■ THE DATA ■
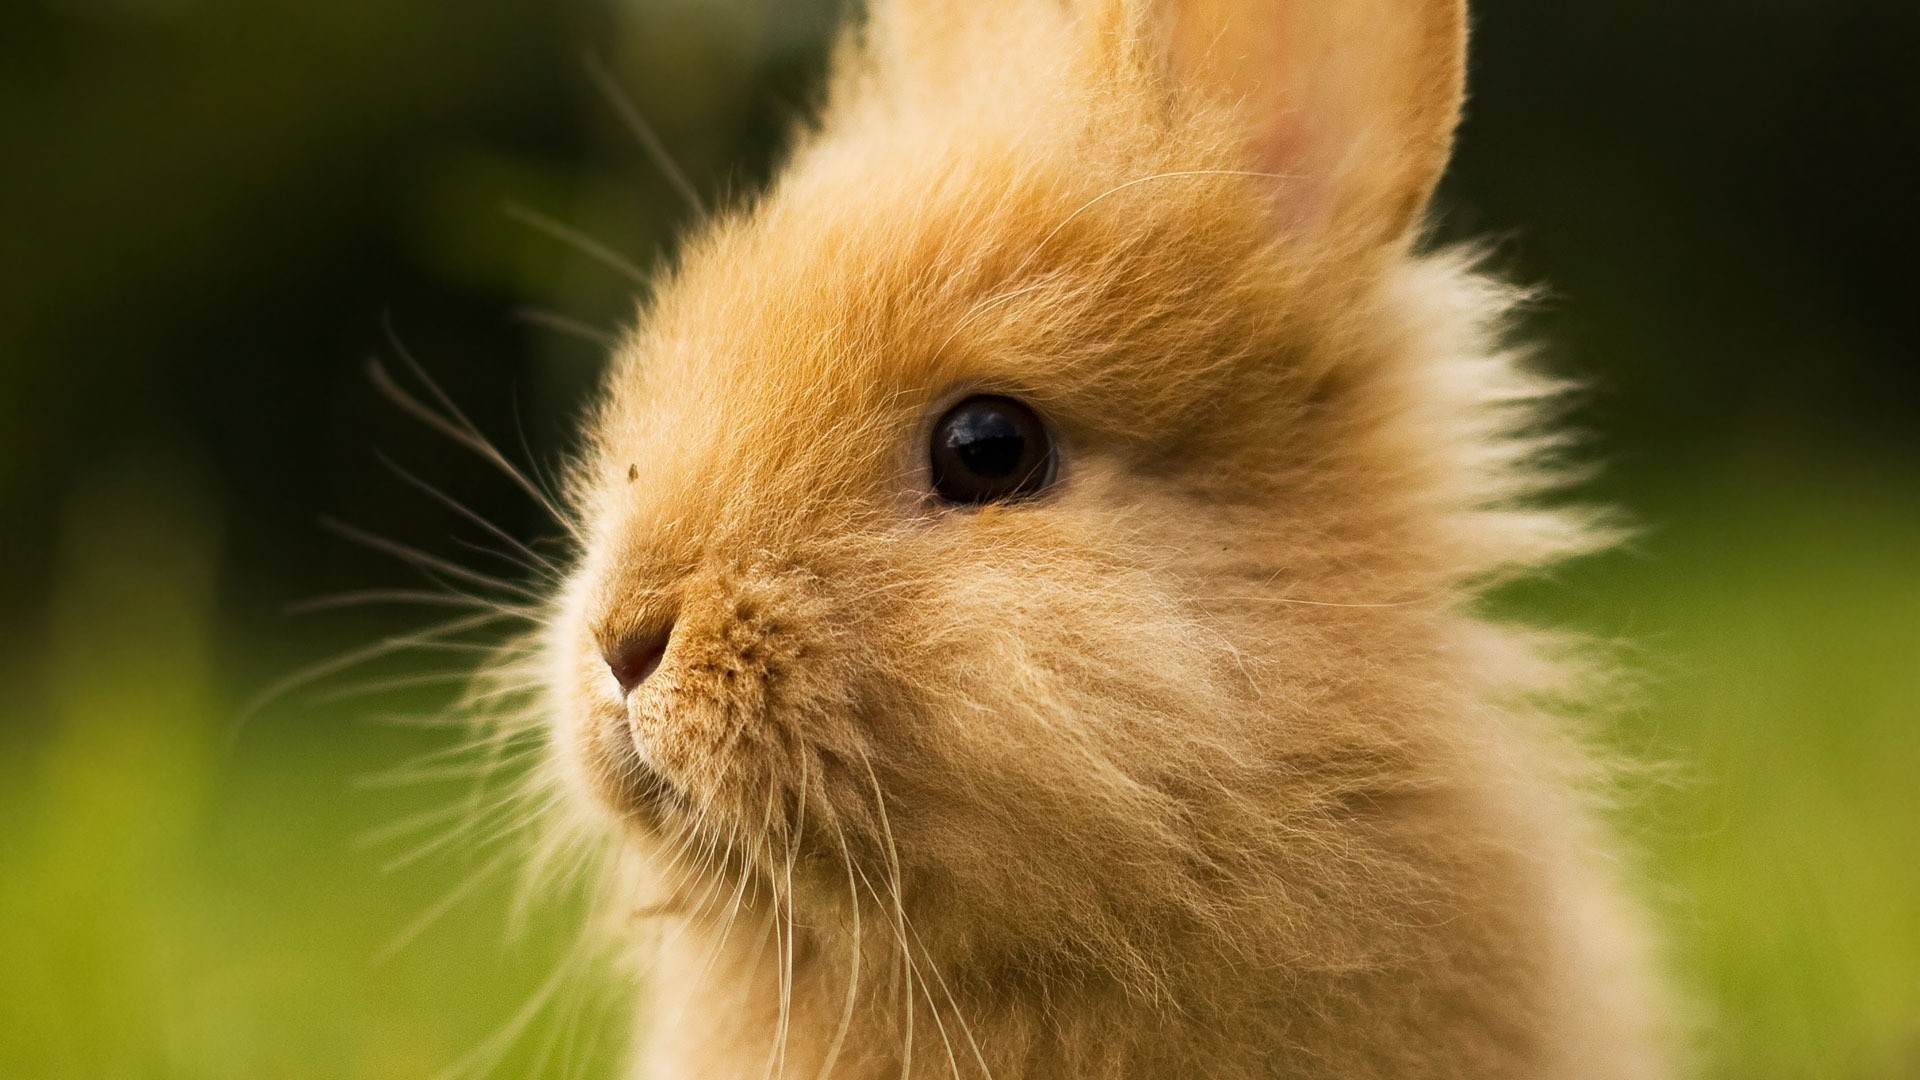 Bunny High Quality
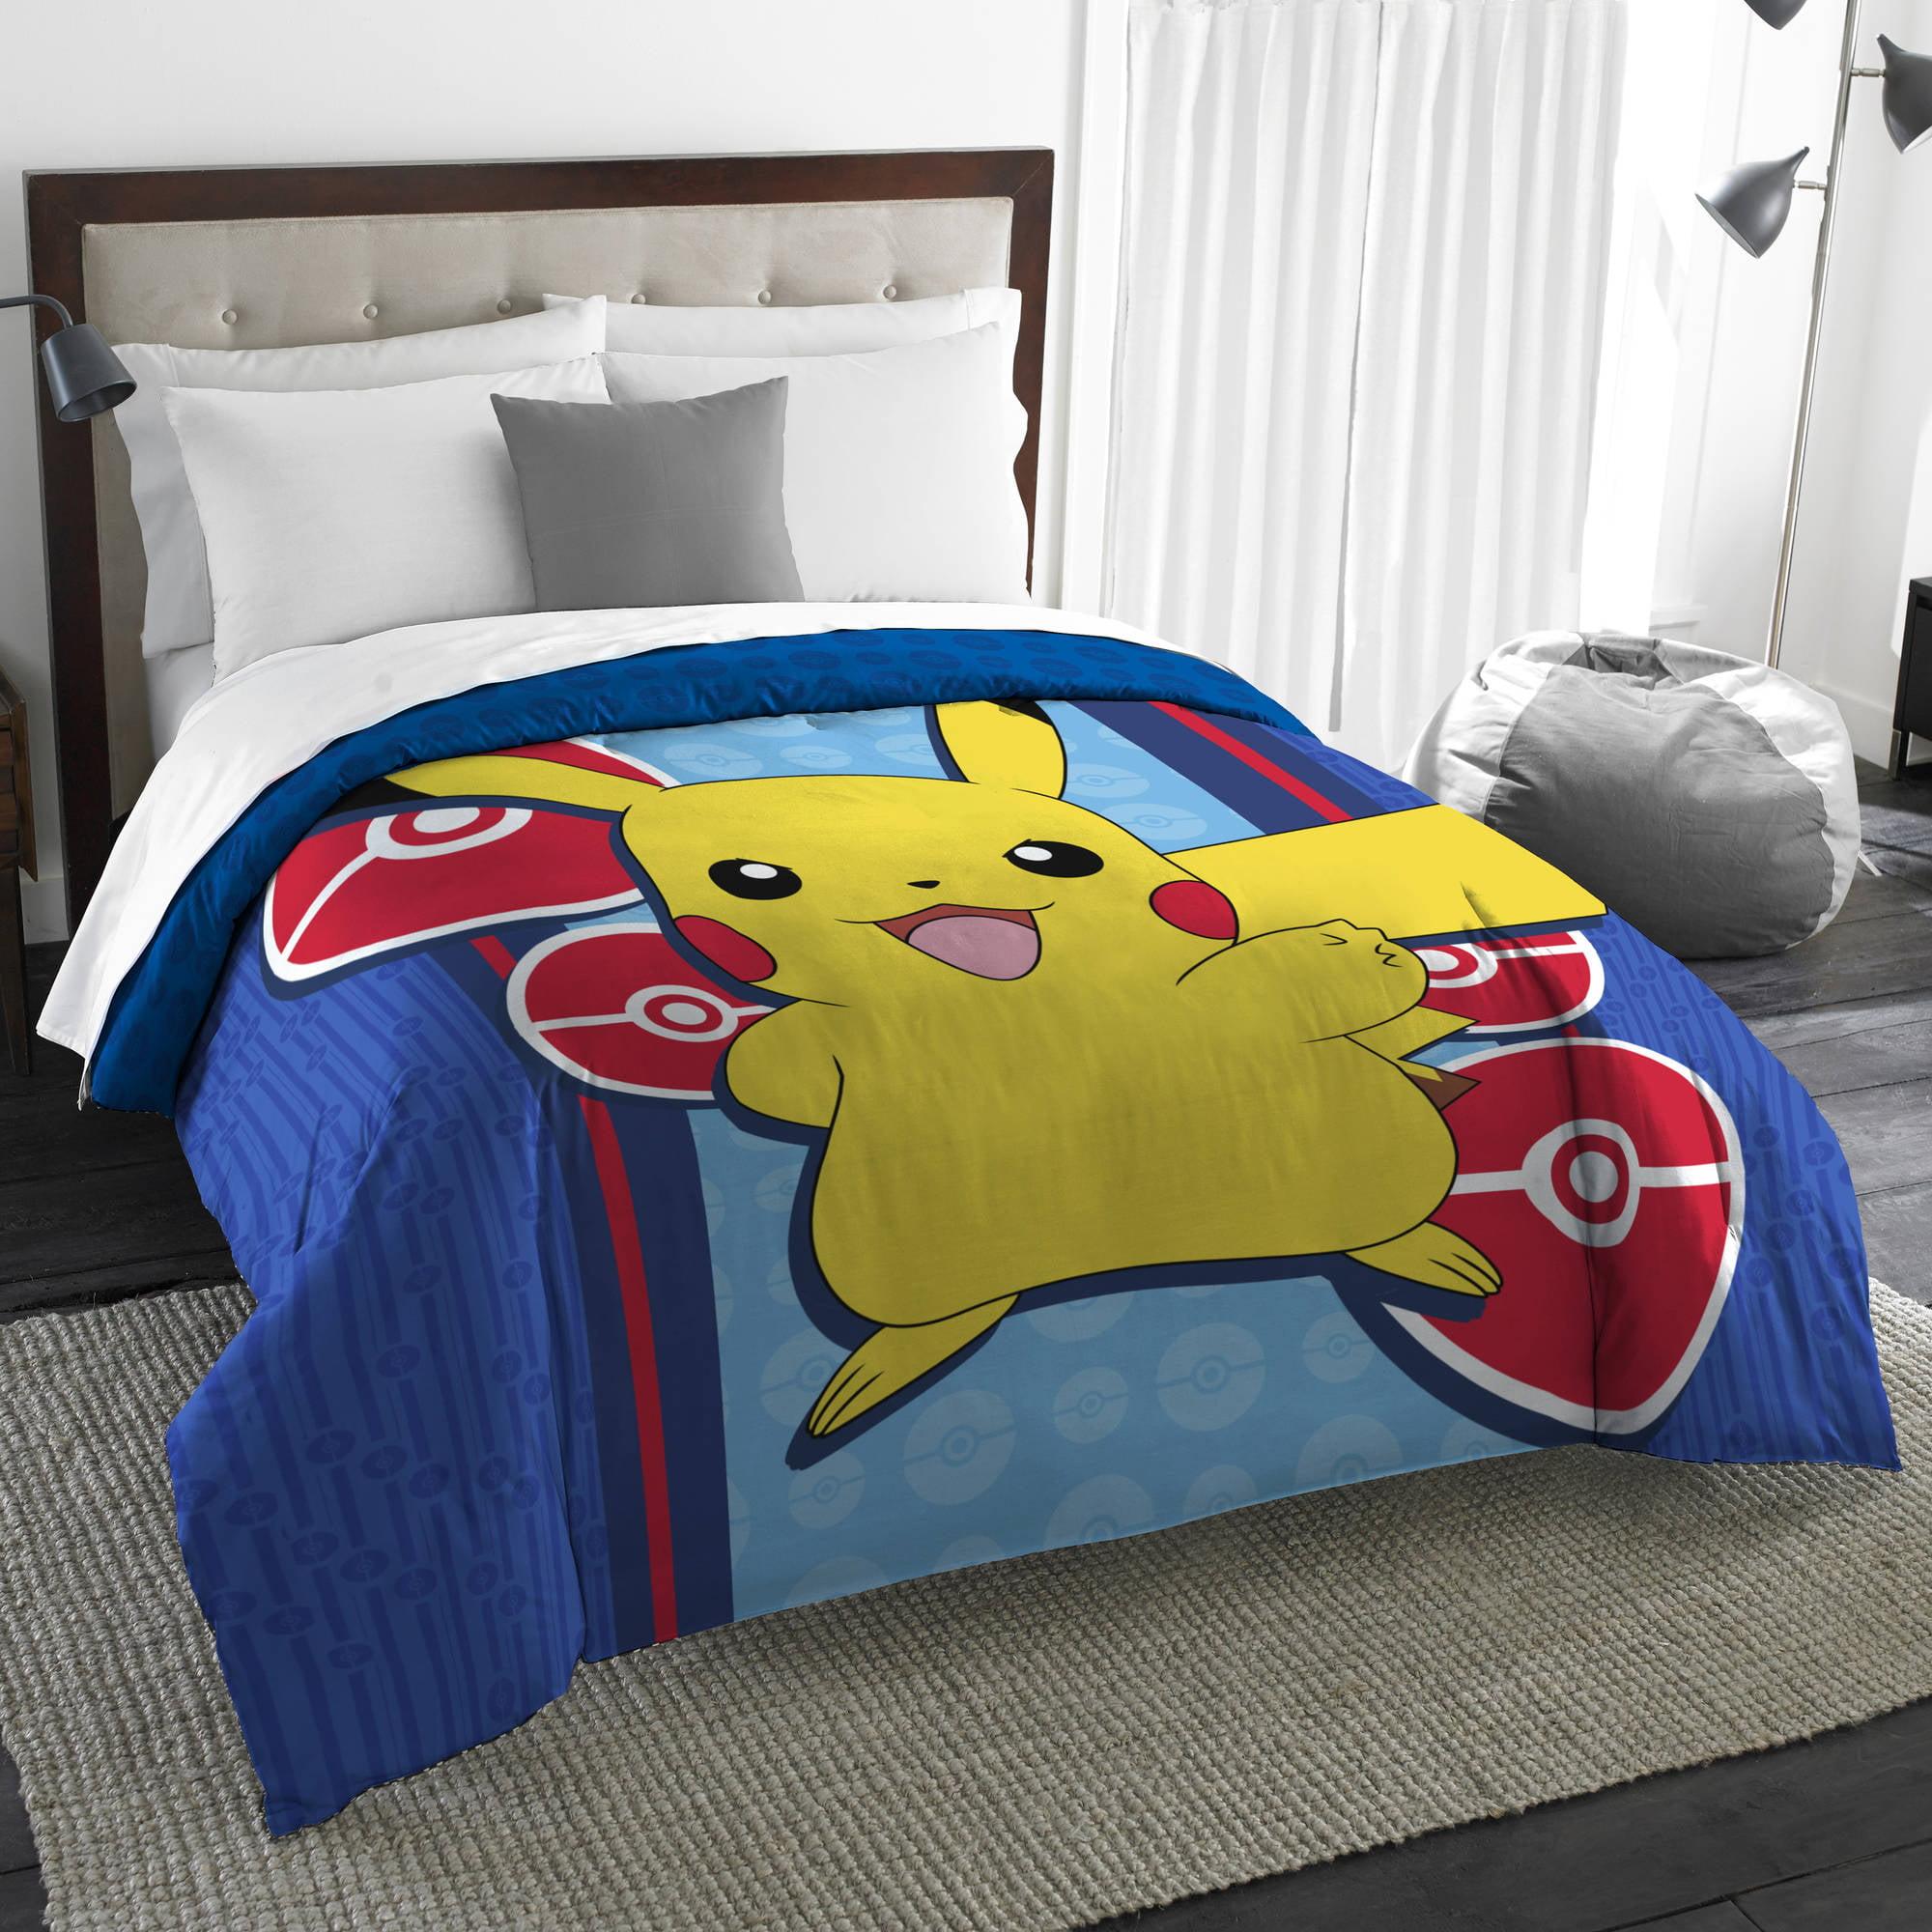 Pokemon Bedroom Accessories
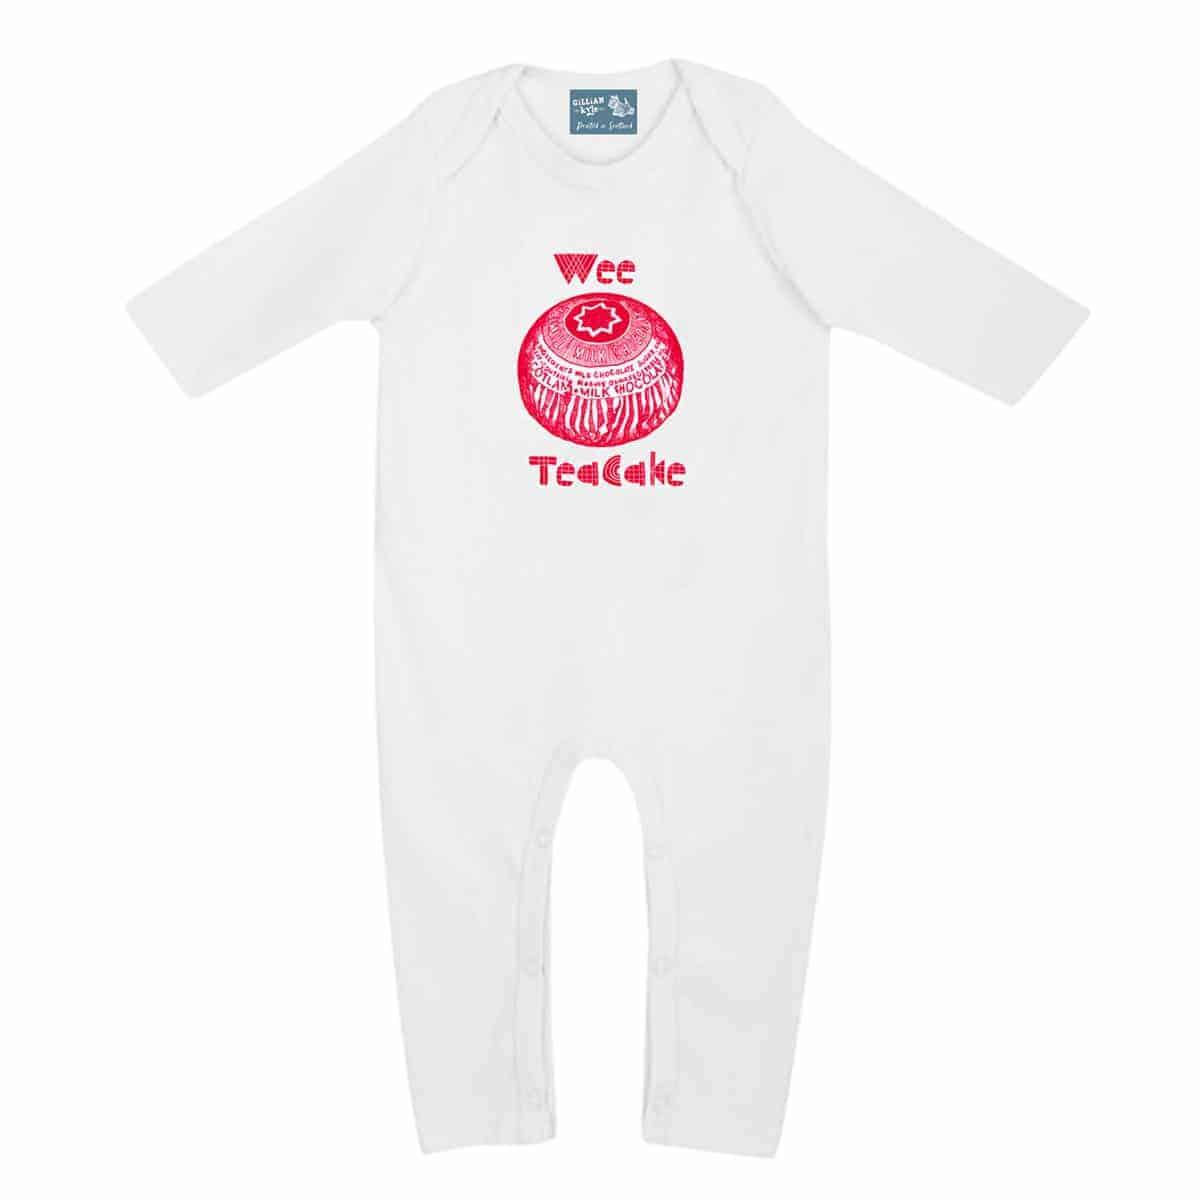 Baby Gifts Quirky : Gillian kyle scottish clothing tunnocks teacake wee baby

■ AIM OF THE EXERCISE ■
Except for the pictures, give all the material above again verbatim.

■ RESPONSE TO THIS TASK ■
 Bunny High Quality
 Pokemon Bedroom Accessories
 Baby Gifts Quirky : Gillian kyle scottish clothing tunnocks teacake wee baby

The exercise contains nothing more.